Koottinilamkili is a 1984 Indian Malayalam film, directed by Sajan and produced by P. T. Xavier. The film stars Sukumari, Mammootty, Adoor Bhasi and Maniyanpilla Raju in the lead roles. The film has musical score by Shyam.

==Plot ==
Krishnanunni comes from an oppressed low caste; he studies and becomes an IAS Officer. Radhika is the daughter of Valiyakurup from a high caste, and she works as a stenographer for Krishnanunni. They both are from the same village and Krishnanunni liked her, but wasn't able to marry her due to caste restrictions that othered and ostracised him. Krishnanunni has to deal with corrupt politicians and officials in his daily work life. One such corrupt politician knows about Krishnanunni's past love story with Radhika. When he sees that Krishnanunni is not bending the laws and policies for him, he uses the love story for character assassination.
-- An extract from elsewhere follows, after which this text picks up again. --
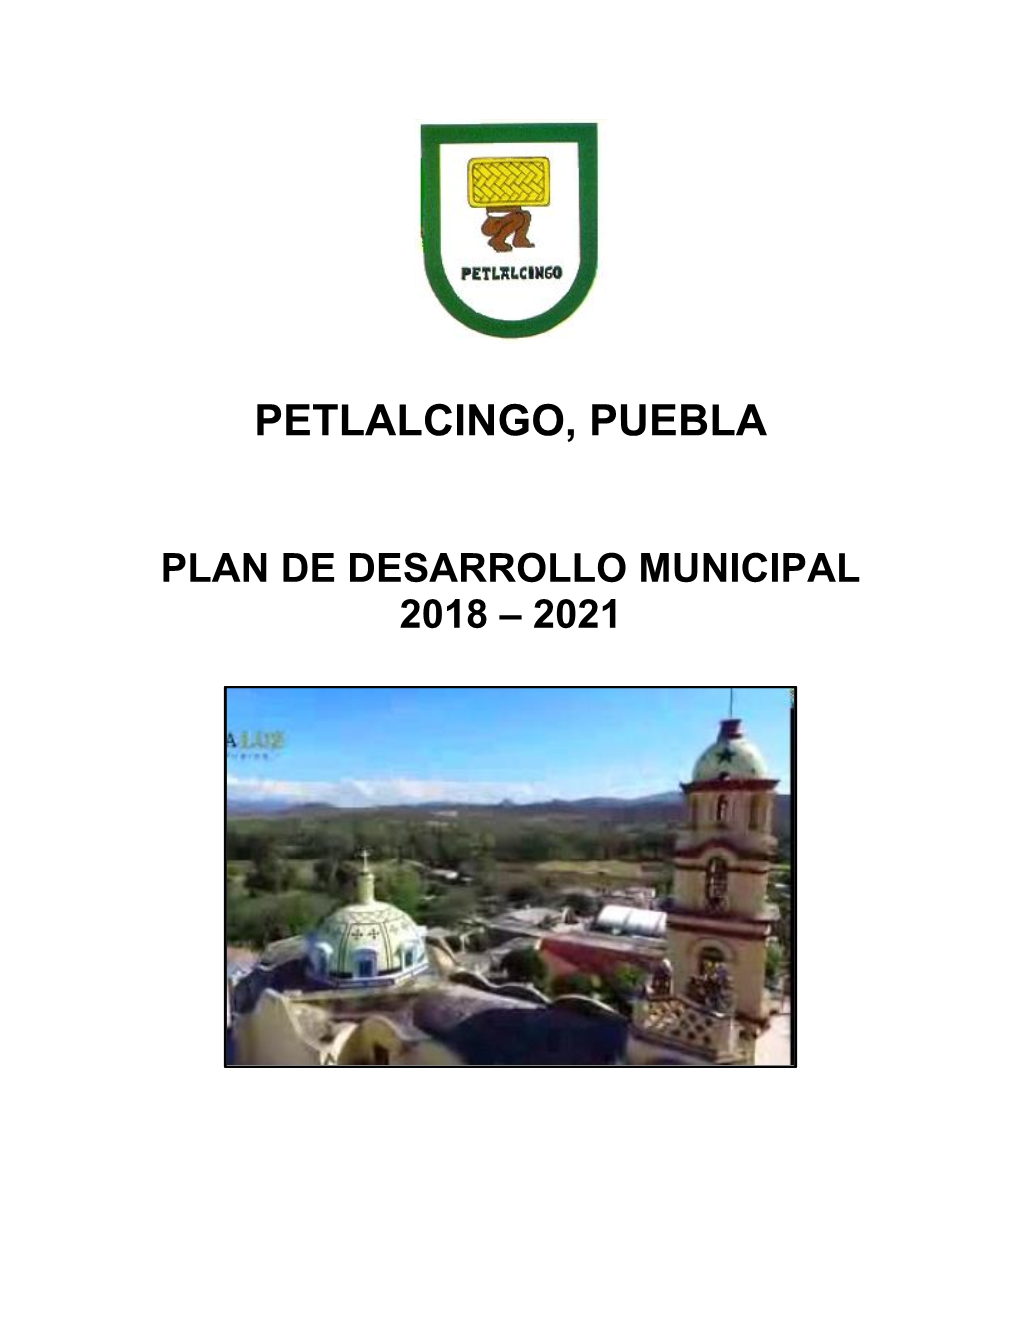 Petlalcingo, Puebla

The story further explores how Krishnanunni's and Radhika's life is affected after these related events.

==Cast==
- Mammootty as Krishnanunni
- Sukumari as Sharadamma
- Adoor Bhasi as Valiyakurup
- Maniyanpilla Raju as Gopan
- Menaka as Radhika
- Unnimary as Mallika
- Kuchan as Narayana bhatt
- Baby Shalini as Nandinikutty
- Jose Prakash as Raman Nair
- Balan K. Nair as Yousuf Ikka
- Lalu Alex as Vikraman
- Prathapachandran as Menon
- Thilakan as Devasya
- Lalitha Sree as Parvathy
- M. G. Soman as Balachandran
- Innocent as clerk
- Mala Aravindan as Govinda Pilla
- Thodupuzha Vasanthy as clerk
- Cochin Haneefa as roommate
- Thodupuzha Radhakrishnan as news reporter

==Soundtrack==
The music was composed by Shyam and the lyrics were written by Chunakkara Ramankutty.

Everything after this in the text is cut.